=== Begin Enclosure ===

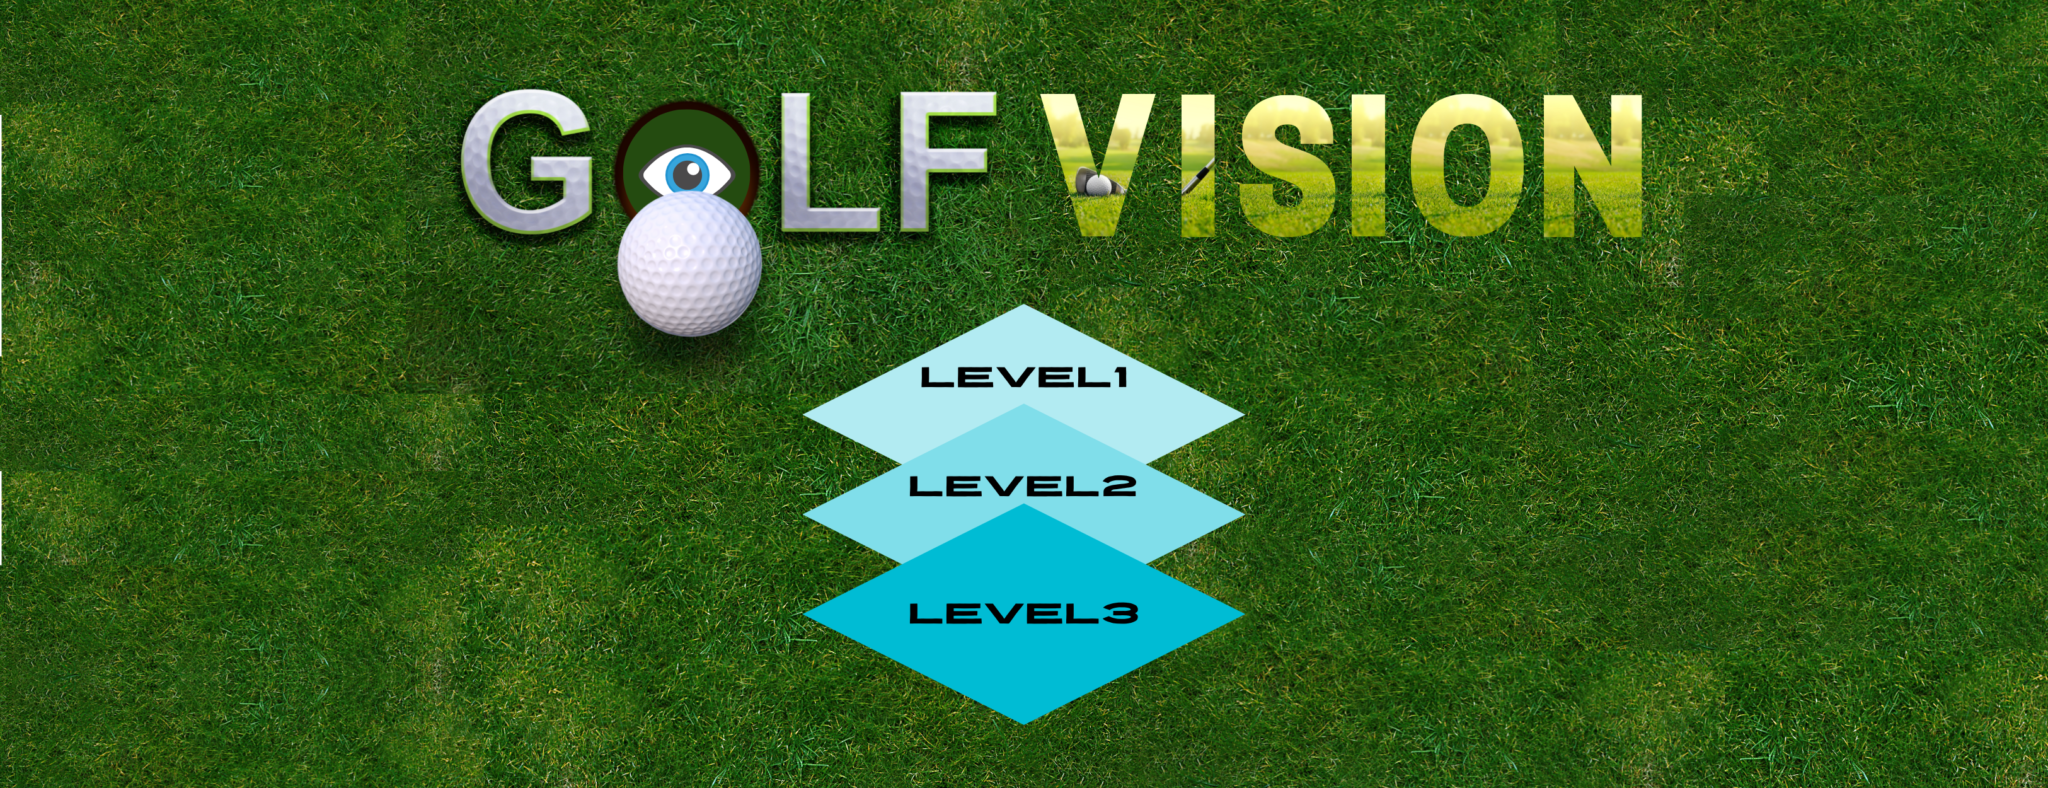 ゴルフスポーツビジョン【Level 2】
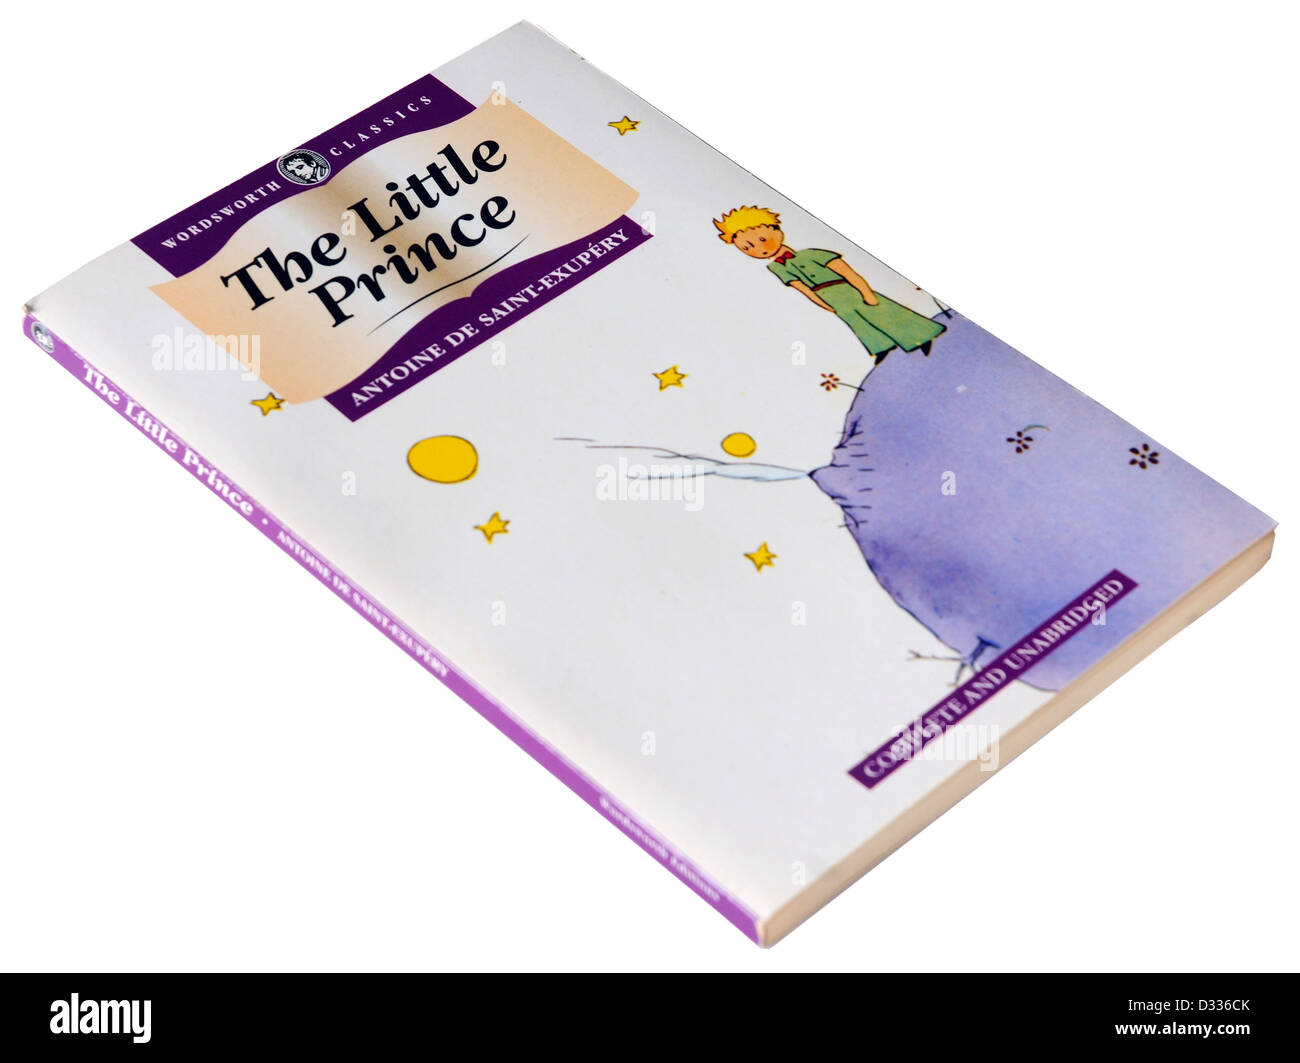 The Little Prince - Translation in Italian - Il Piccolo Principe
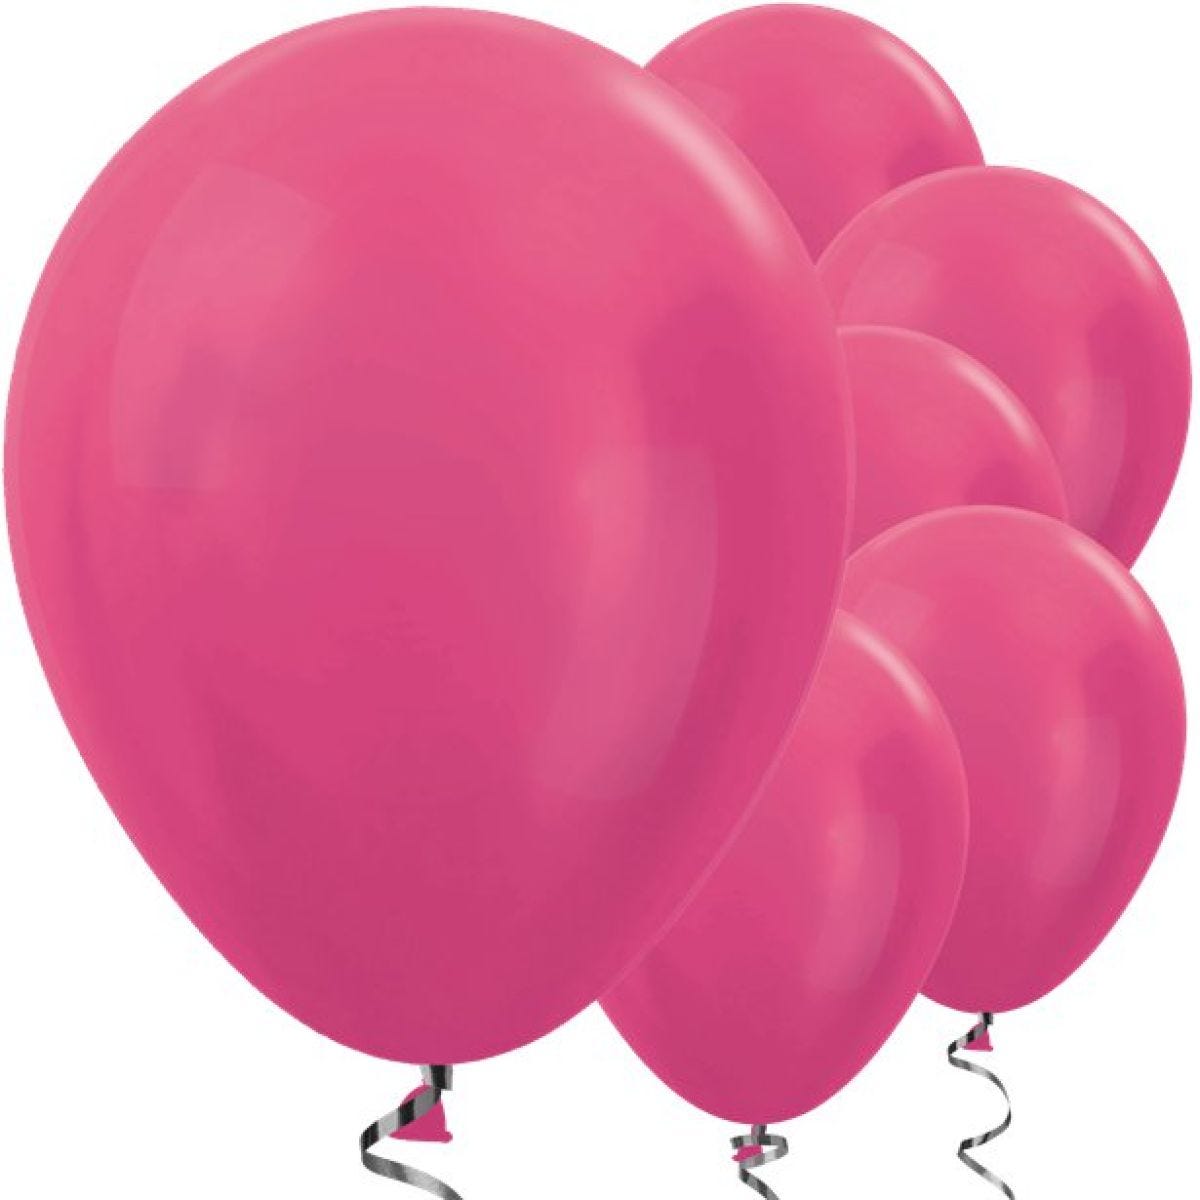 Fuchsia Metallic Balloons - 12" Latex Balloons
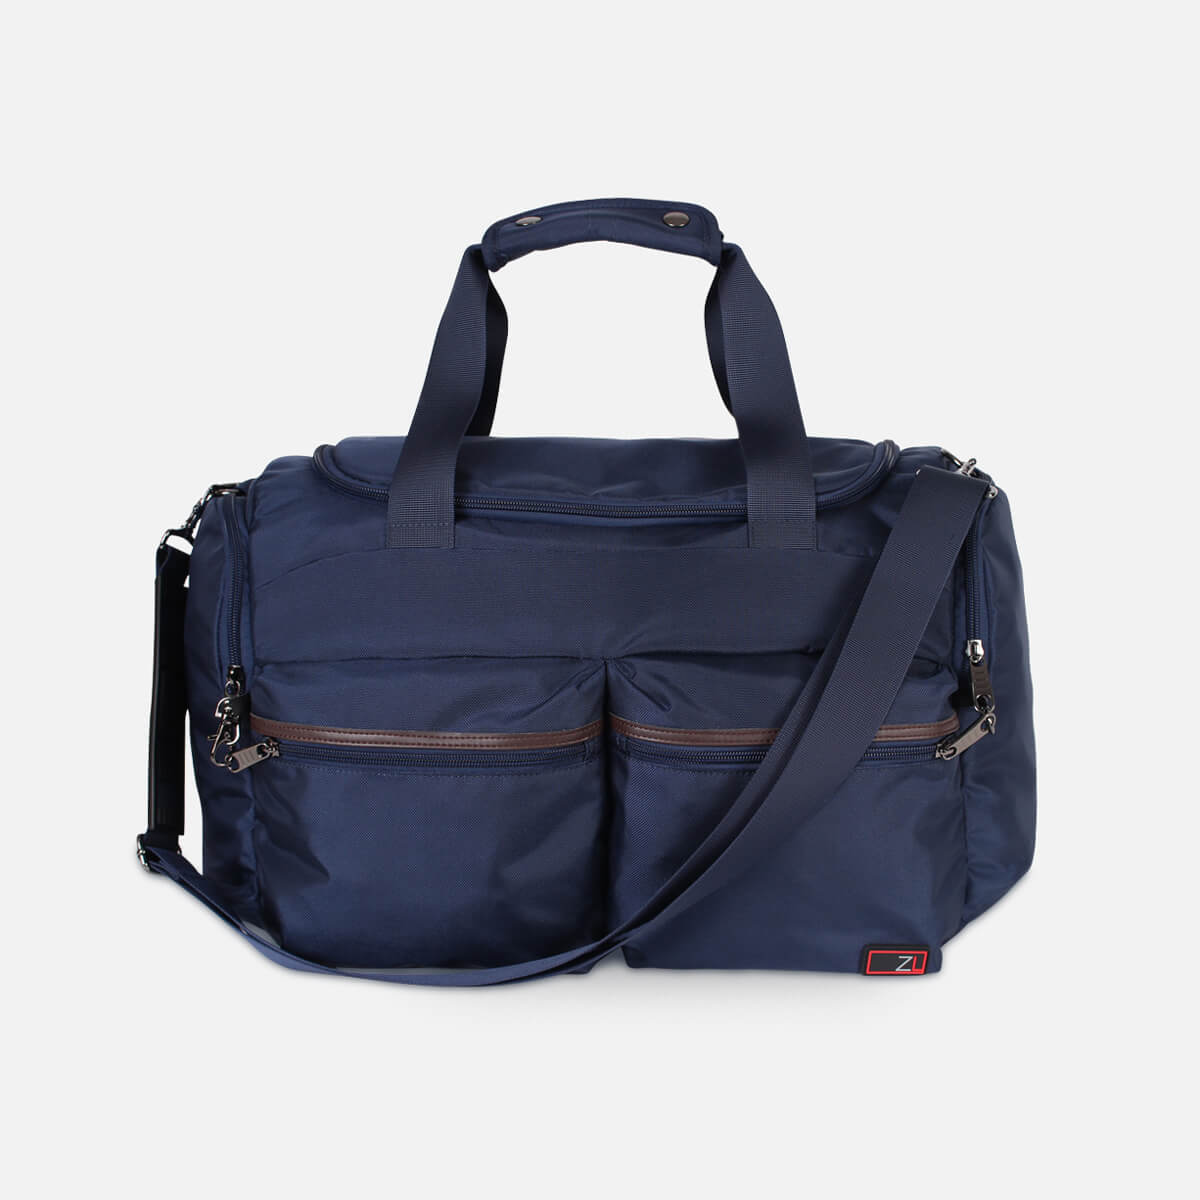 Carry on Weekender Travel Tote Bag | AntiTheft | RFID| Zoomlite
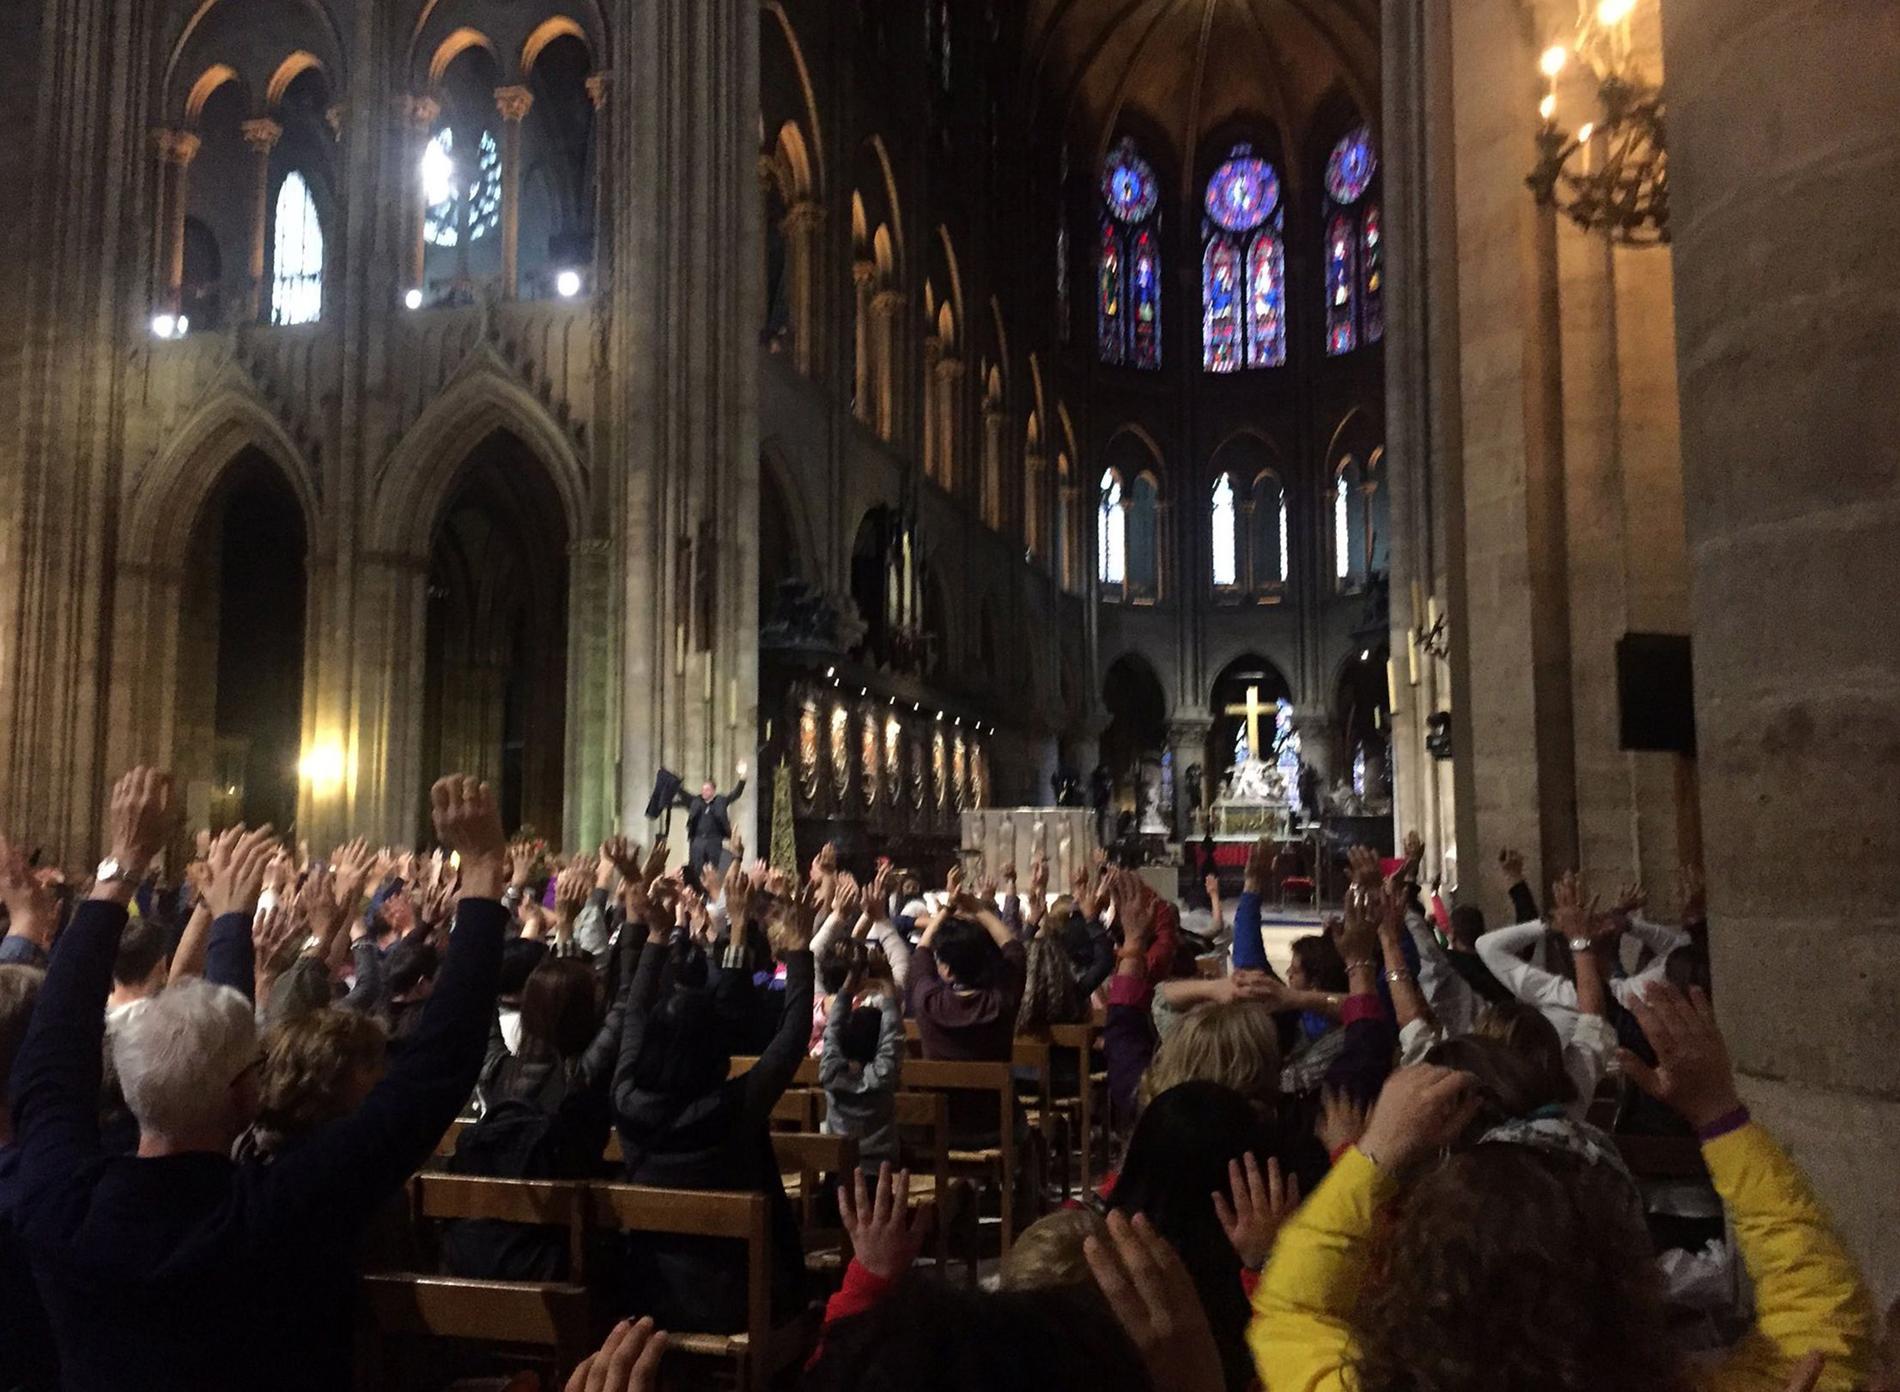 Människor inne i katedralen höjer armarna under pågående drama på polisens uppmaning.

=== End Enclosure ===

**ASSIGNED TASK**
Starting with the line that holds "Carry on Weekender", transcribe exactly each line through the last one of the material above, and nothing else. Do not include pictures.

**REPLY**
 Carry on Weekender Travel Tote Bag | AntiTheft | RFID| Zoomlite
 Människor inne i katedralen höjer armarna under pågående drama på polisens uppmaning.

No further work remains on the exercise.